Japan’s new prime minister Sanae Takaichi’s cabinet approved a 21.3 trillion yen stimulus package—including 17.7 trillion yen in general account outlays (up from last year’s 13.9 trillion) and 2.7 trillion yen in tax cuts—marking the largest fiscal boost since the COVID era; markets have already reacted with the yen sliding to 10-month lows and super-long JGB yields hitting record highs amid worries over the country’s fiscal position.
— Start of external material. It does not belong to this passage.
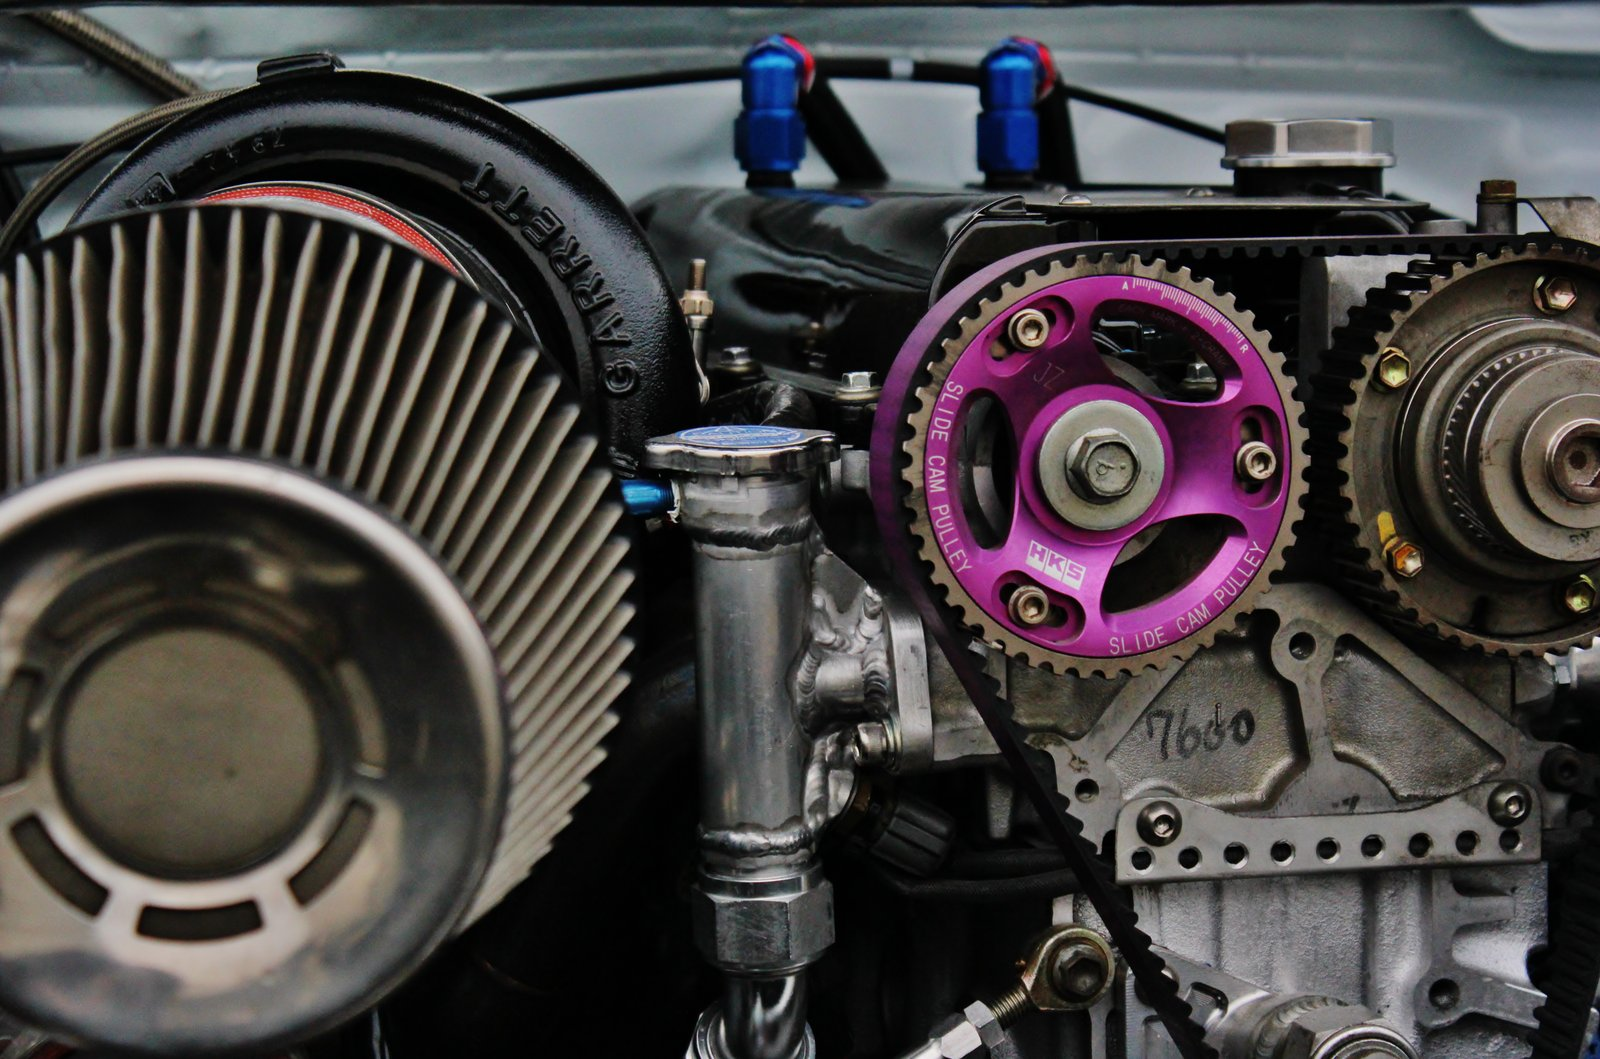 Best 49 Turbocharger Wallpaper on HipWallpaper Turbocharger 1600x1059

Takaichi said the plan will rely on higher-than-expected tax and non-tax revenues and, if needed, additional government bond issuance, which sources say will likely exceed last year’s 6.69 trillion yen of new issuance even though the government expects total bond issuance this fiscal year (initial plus supplementary) to be below last year’s post-supplementary 42.1 trillion yen. The cabinet aims to approve a supplementary budget as early as Nov. 28 and seek parliamentary approval by year-end, a timeline that keeps near-term pressure on FX and long-end rates and raises uncertainty about future fiscal trajectories and funding needs.

Analysis

Japan's new prime minister Sanae Takaichi secured cabinet approval for a 21.3 trillion yen stimulus package, comprising 17.7 trillion yen in general account outlays (up from last year's 13.9 trillion) and 2.7 trillion yen in tax cuts, the largest fiscal boost since the COVID era. Takaichi said funding will use higher-than-expected tax and non-tax revenue and, if needed, additional government bond issuance, while noting total bond issuance for the fiscal year (initial plus supplementary) is expected to be below last year's post-supplementary 42.1 trillion yen. Markets have already reacted: the yen slid to 10-month lows and super-long JGB yields hit record highs, and sources expect additional bond issuance to exceed last year’s 6.69 trillion yen, creating near-term upward pressure on long-end yields and FX volatility. The cabinet aims to approve a supplementary budget as early as Nov. 28 with parliamentary approval by year-end, making funding-size announcements and parliamentary outcomes imminent market catalysts. Implications include increased sovereign funding needs and a higher-for-longer yield environment for long-dated Japanese debt, sustaining FX stress that can affect cross-asset flows; investor focus should be on announced issuance size, timing of the supplementary budget, and whether revenue assumptions materialize into lower-than-expected bond supply or further issuance.